书名：Python Machine Learning Cookbook（Second Edition）
作者名：Giuseppe Ciaburro Prateek Joshi
本章字数：299字
更新时间：2025-04-04 14:38:11

How to do it...

Let's see how to estimate traffic:

Let's see how to build an SVM regressor. We will use traffic.py that's already provided to you as a reference. Create a new Python file, and add the following lines:

# SVM regressor to estimate traffic 
 
import numpy as np 
from sklearn import preprocessing 
from sklearn.svm import SVR 
 
input_file = 'traffic_data.txt' 
 
# Reading the data 
X = [] 
count = 0 
with open(input_file, 'r') as f: 
    for line in f.readlines(): 
        data = line[:-1].split(',') 
        X.append(data) 
 
X = np.array(X)

We loaded all the input data into X.

Let's encode this data:

# Convert string data to numerical data 
label_encoder = []  
X_encoded = np.empty(X.shape) 
for i,item in enumerate(X[0]): 
    if item.isdigit(): 
        X_encoded[:, i] = X[:, i] 
    else: 
        label_encoder.append(preprocessing.LabelEncoder()) 
        X_encoded[:, i] = label_encoder[-1].fit_transform(X[:, i]) 
 
X = X_encoded[:, :-1].astype(int) 
y = X_encoded[:, -1].astype(int)

Let's build and train the SVM regressor using the radial basis function:

# Build SVR 
params = {'kernel': 'rbf', 'C': 10.0, 'epsilon': 0.2}  
regressor = SVR(**params) 
regressor.fit(X, y)

In the preceding lines, the C parameter specifies the penalty for misclassification and epsilon specifies the limit within which no penalty is applied.
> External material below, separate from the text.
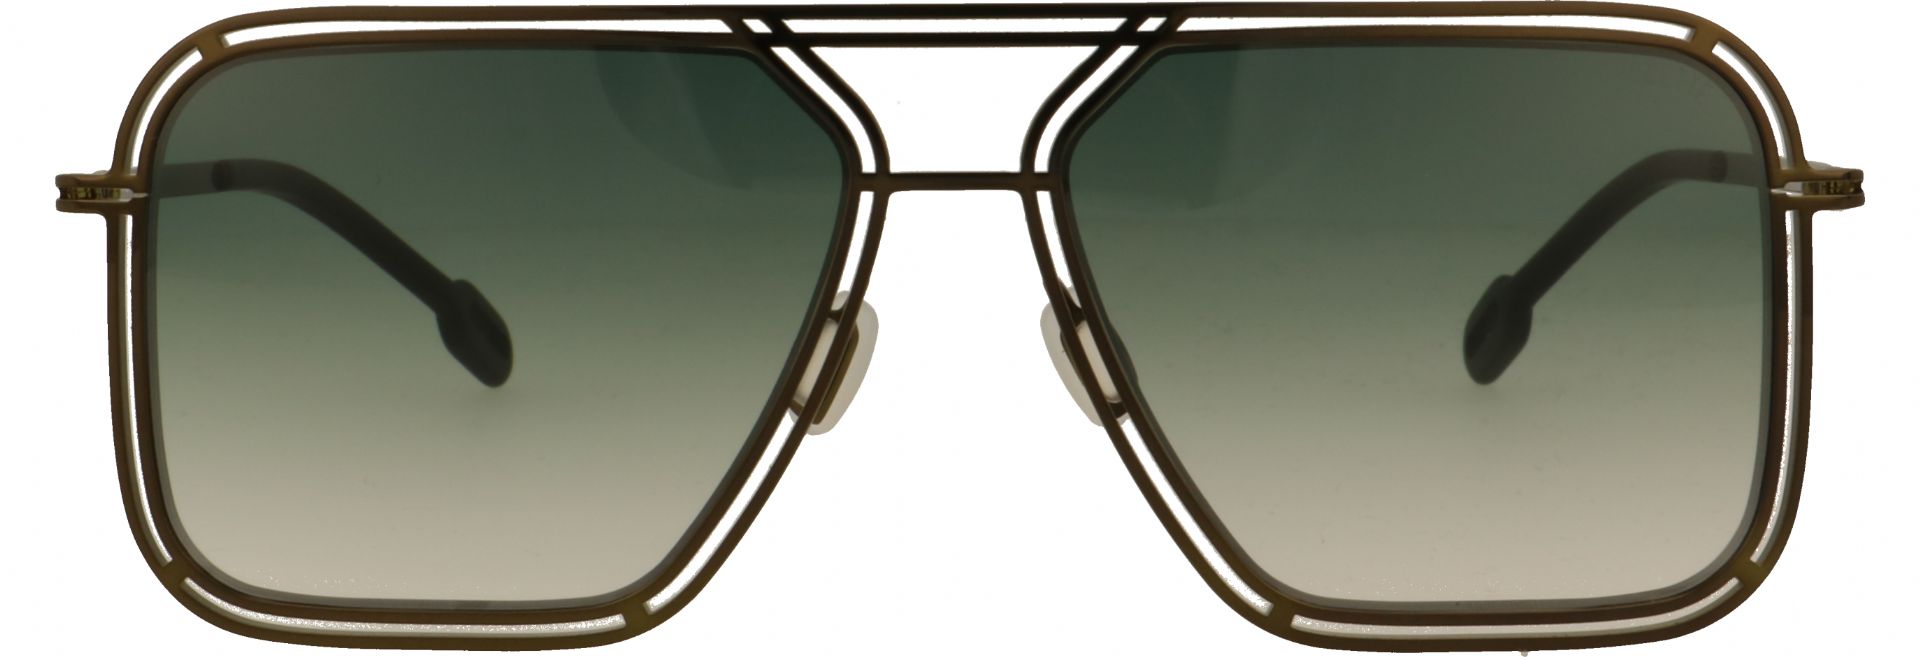 Odette lunettes Preston M3201

Let's perform cross-validation to check the performance of the regressor:

# Cross validation
import sklearn.metrics as sm

y_pred = regressor.predict(X)
print("Mean absolute error =", round(sm.mean_absolute_error(y, y_pred), 2))

Let's test it on a datapoint:

# Testing encoding on single data instance
input_data = ['Tuesday', '13:35', 'San Francisco', 'yes']
input_data_encoded = [-1] * len(input_data)
count = 0
for i,item in enumerate(input_data):
    if item.isdigit():
        input_data_encoded[i] = int(input_data[i])
    else:
        input_data_encoded[i] = int(label_encoder[count].transform([input_data[i]]))
        count = count + 1 

input_data_encoded = np.array(input_data_encoded)

# Predict and print output for a particular datapoint
print("Predicted traffic:", int(regressor.predict([input_data_encoded])[0]))

If you run this code, you will see the following printed on your Terminal:

    Mean absolute error = 4.08
    Predicted traffic: 29